## [Task goal]
Below is a listing. Write out exactly its lines between the one holding "髮型屋: Creative Hair Salon 創念髮廊" and the one holding "Twitter ha aggiornato le opzioni per il feed", inclusive.

## [Material for this exercise]
-.-.-

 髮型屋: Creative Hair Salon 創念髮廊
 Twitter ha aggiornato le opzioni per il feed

-.-.-

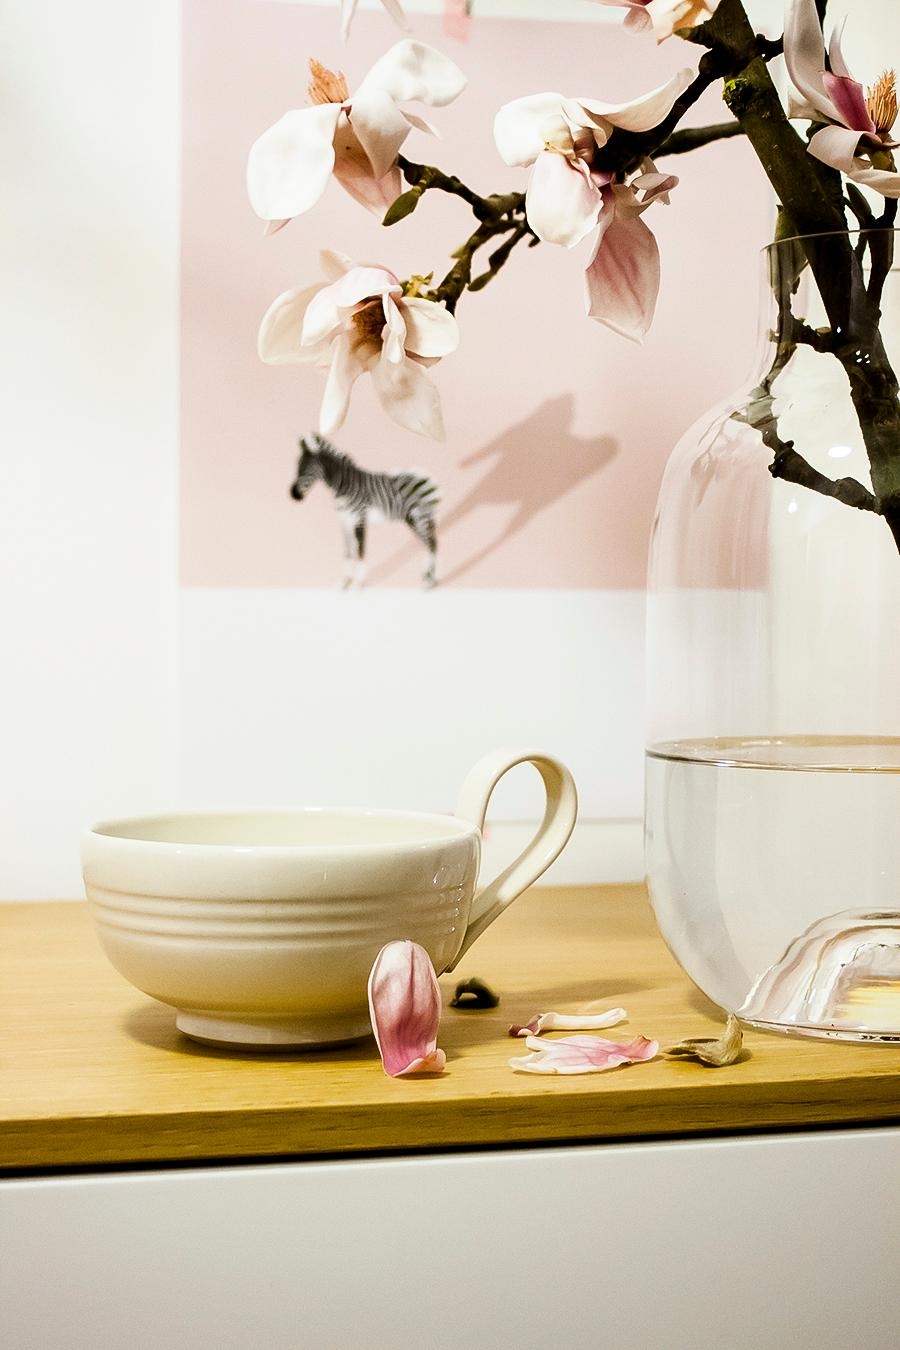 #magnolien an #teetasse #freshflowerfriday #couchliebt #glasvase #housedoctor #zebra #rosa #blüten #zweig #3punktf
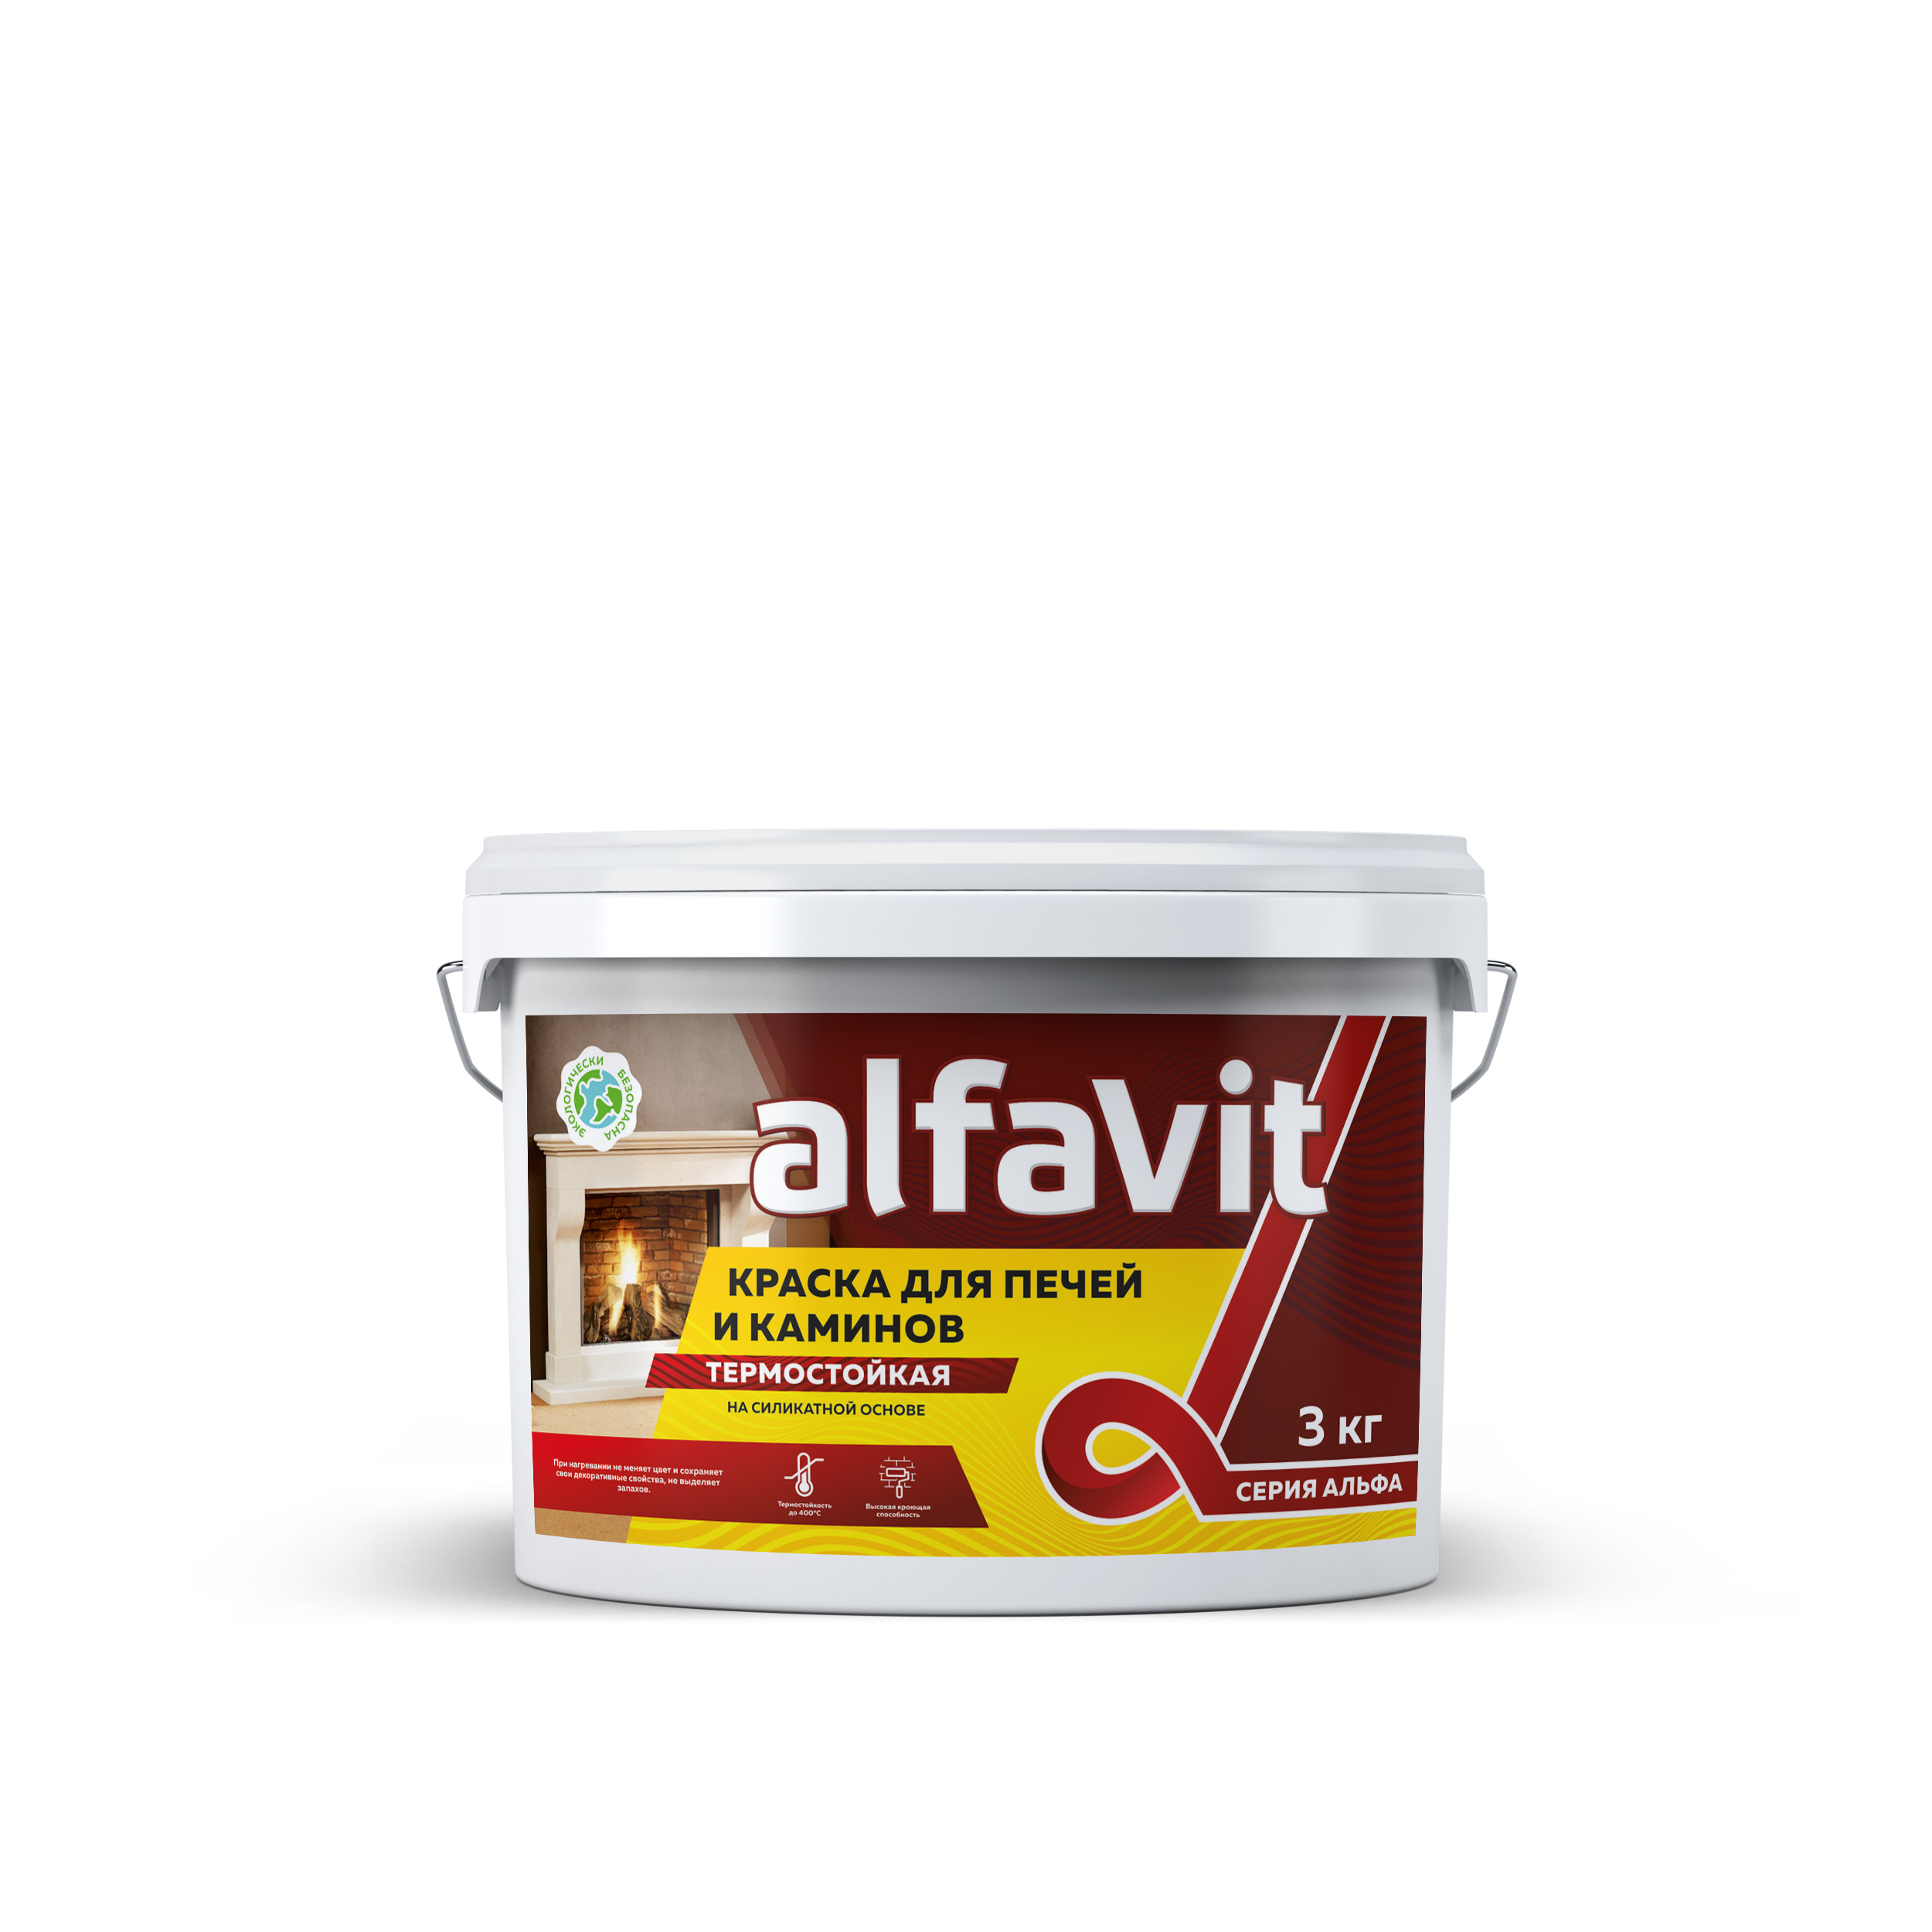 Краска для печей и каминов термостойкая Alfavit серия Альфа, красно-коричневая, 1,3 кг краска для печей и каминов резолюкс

-.-.-

## [Completed exercise]
 髮型屋: Creative Hair Salon 創念髮廊
 Twitter ha aggiornato le opzioni per il feed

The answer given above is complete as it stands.